Periodic step functions were used by Singh and Jacob (1977) to simulate areal recharge. They utilized linearized Boussinesq equation to obtain their solution. The model domain was bounded by constant-head boundaries. Aquifer domain bounded by Cauchy boundary condition subjected to periodic recharge was considered by Latinopoulos (1986). Using exponential decaying (Rai and Singh, 1995) and piecewise linear functions (Manglik et al., 2004) were not uncommon to simulate groundwater recharge. Zlotnik and Ledder (1993) utilized the first-order free surface equation with a source term representing recharge to simulate the water table boundary condition. The same method was followed by Chang et al. (2016) to simulate the water table boundary condition to obtain three-dimensional (3D) time-domain solution of groundwater head in a rectangular aquifer with the Robin type lateral boundaries. They also presented a fairly intensive review on analytical solutions concerning groundwater recharge.
To our knowledge, there is no analytical model considering general time-varying recharge and time-varying lateral boundaries head variations. This model set up is not uncommon in field situations. In river basin aquifers, rainfall causes the river water level rise due to the surface runoff and recharge to the aquifer from its top boundary. Elongated fractured anticlines replenished by rainfall or snowmelt and recharge from their adjacent alluvial aquifers.

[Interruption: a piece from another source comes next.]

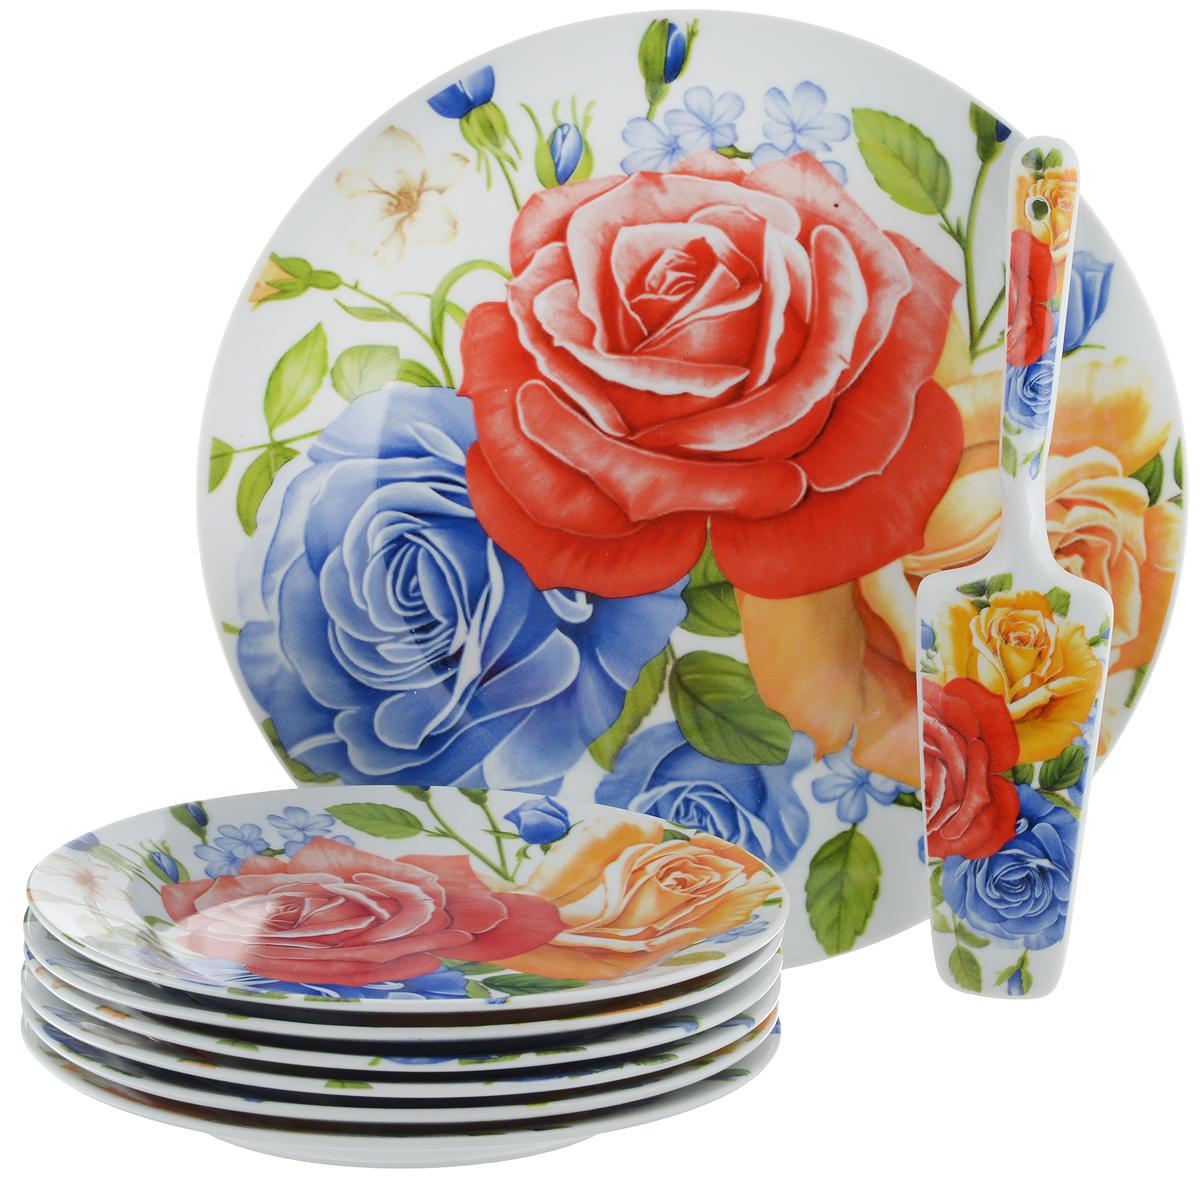 Набор для торта Bella, 8 предметов. DL-S8CB-175103823Набор для торта Bella состоит из 7 тарелок и лопатки. Изделия выполнены из высококачественного фарфора и оформлены ярким рисунком. Набор идеален для подачи тортов, пирогов и другой выпечки.Яркий дизайн сделает набор изысканным украшением праздничного стола.Диаметр меленьких тарелок: 19,3 см.Диаметр большой тарелки: 26,5 см.Размеры лопатки: 23 х 5,3 х 2 см.

The presented solution can be used to determine the hydrodynamic parameters of 1) groundwater head variation of a river basin aquifer subjected to general time-dependent lateral head variation and recharge; 2) groundwater head variation in a double-porosity elongated fractured aquifer (i.e. an anticline with length higher than its width so that the groundwater flow is always along its width. This type of anticline is quite common in folding belts (Ashjari and Raeisi, 2006).); 3) groundwater depletion of an elongated anticline subjected to recharge due to rainfall or snowmelt to its adjacent alluvial aquifer. Furthermore, the presented solution can be used to optimize the irrigation amount and pattern in a cropland between two trench drains to control the groundwater mound. To sum up, the presented analytical model is applicable to many river-aquifer systems where there is no point source or sinks.